Short sellers have pulled back hard since the July 7 article flagged a peak above 58 million shares short. The position has dropped to roughly 46.6 million shares, cutting the float short from approximately 20% to 16.4% in just a few sessions. That's a meaningful retreat, but the level still ranks as genuinely elevated — 16% of the float on loan is not a position that disappears quietly. The ORTEX short score has followed the covering lower, easing to 53.8 from a recent high of 58.4, and the broader trend in the score now points to deceleration in bearish conviction. The borrow market reinforces that read: availability has loosened to 226%, and cost to borrow has collapsed from a brief spike near 2.3% earlier in July to just 0.47% — easy financing for anyone who wants to stay short, but clearly fewer takers.
Options traders are running a distinctly different playbook from the shorts. The put/call ratio has drifted below its 20-day average, sitting at 0.33 against a mean of 0.35 — suggesting calls are dominating the flow. That's not a defensive posture. The 52-week high on the PCR was 0.90, which makes the current reading among the most call-heavy in a year. Taken alongside the short covering, the options market is signaling that a cohort of investors is leaning toward upside into the print, not hedging against further decline. The stock itself is down about 9% over the past month to $14.61, off 6% on the week — so the bullish options positioning comes despite, not because of, recent price momentum.
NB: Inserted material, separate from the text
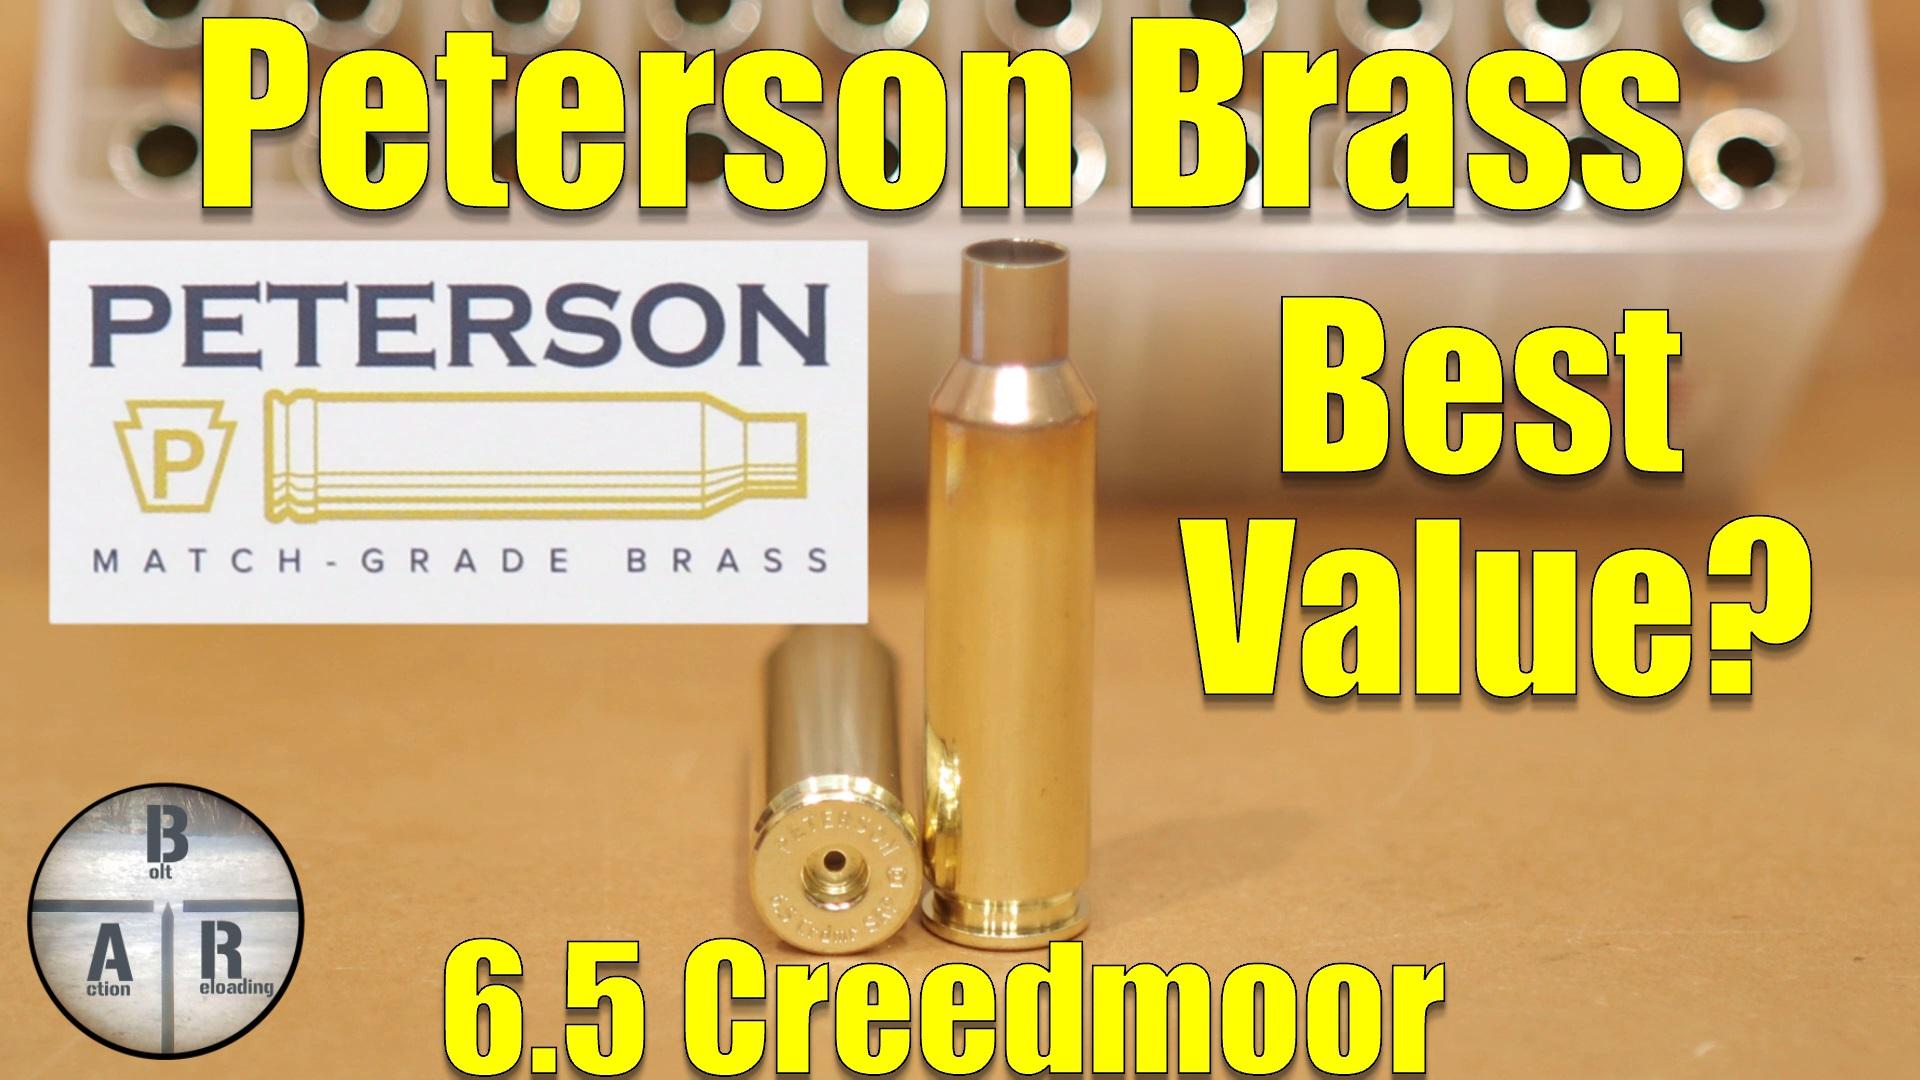 6mm Creedmoor - Starting Load Development - The Reloaders
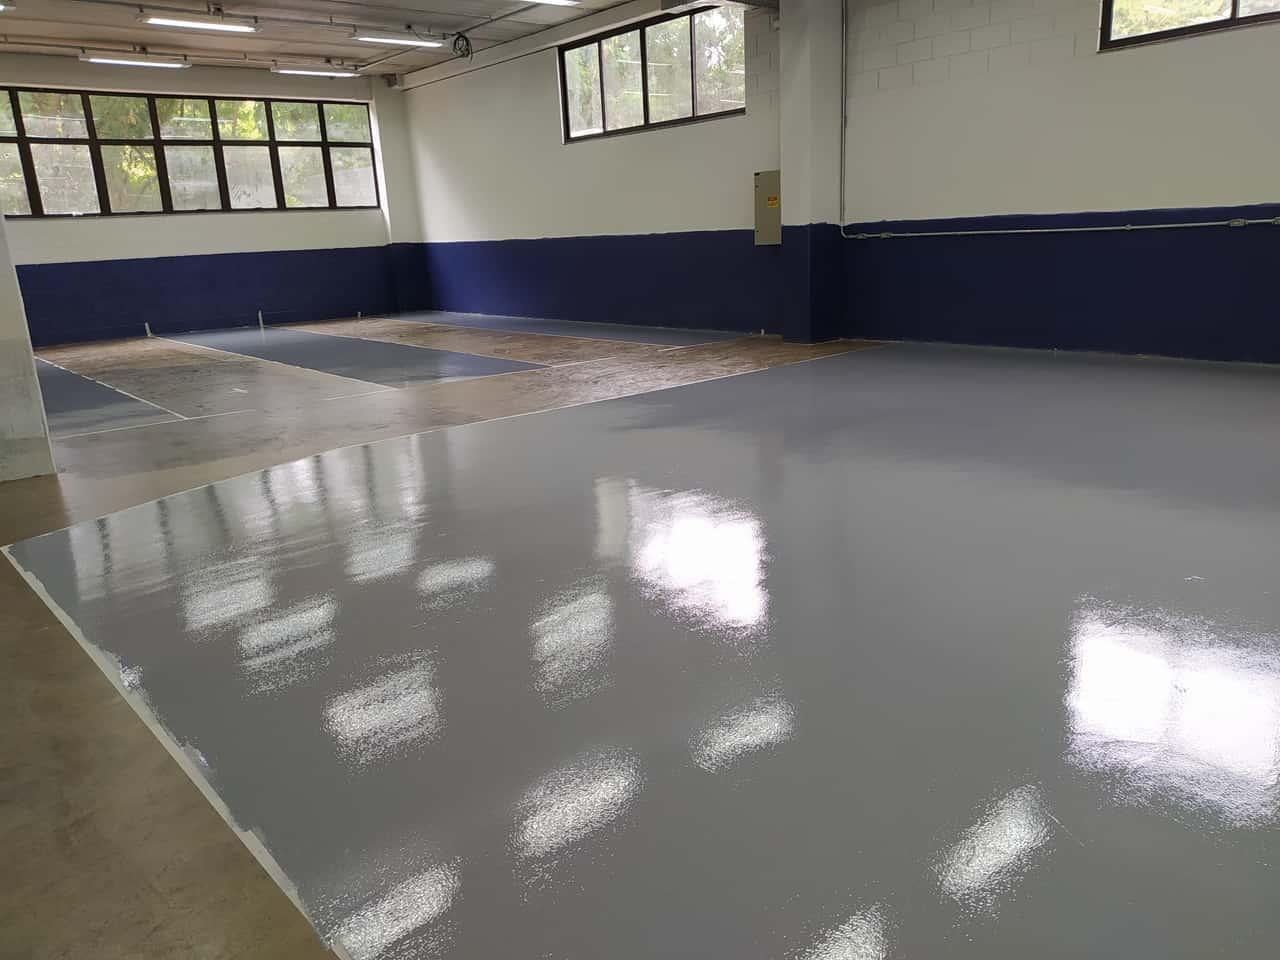 Pintura e demarcação de piso - Foto 2

The fundamental debate remains charged on both sides. The most recent ORTEX note flagged strong revenue growth — over 317% year-on-year — as the clearest bull case for BMNR's immersion cooling business. Bears counter with the quality metrics: a Piotroski F-Score of 3, negative return on assets, and deeply negative free cash flow margins tell a story of a company still burning cash to fund growth. The institutional picture adds nuance — Citadel added over 5.9 million shares in the most recent filing period, while ARK and BlackRock both increased positions, but Clear Street trimmed. Among the correlated peer group, the sector is broadly weak: MSTR, BTCS, MARA, and CLSK are all down 5–13% on the week, suggesting crypto-sector headwinds rather than company-specific pressure.
The July 17 print will test whether the revenue growth story — and any updated guidance on hyperscaler adoption — is enough to justify the valuation at current levels, or whether the cash burn trajectory overwhelms the top-line narrative for a short interest base that has already started to move.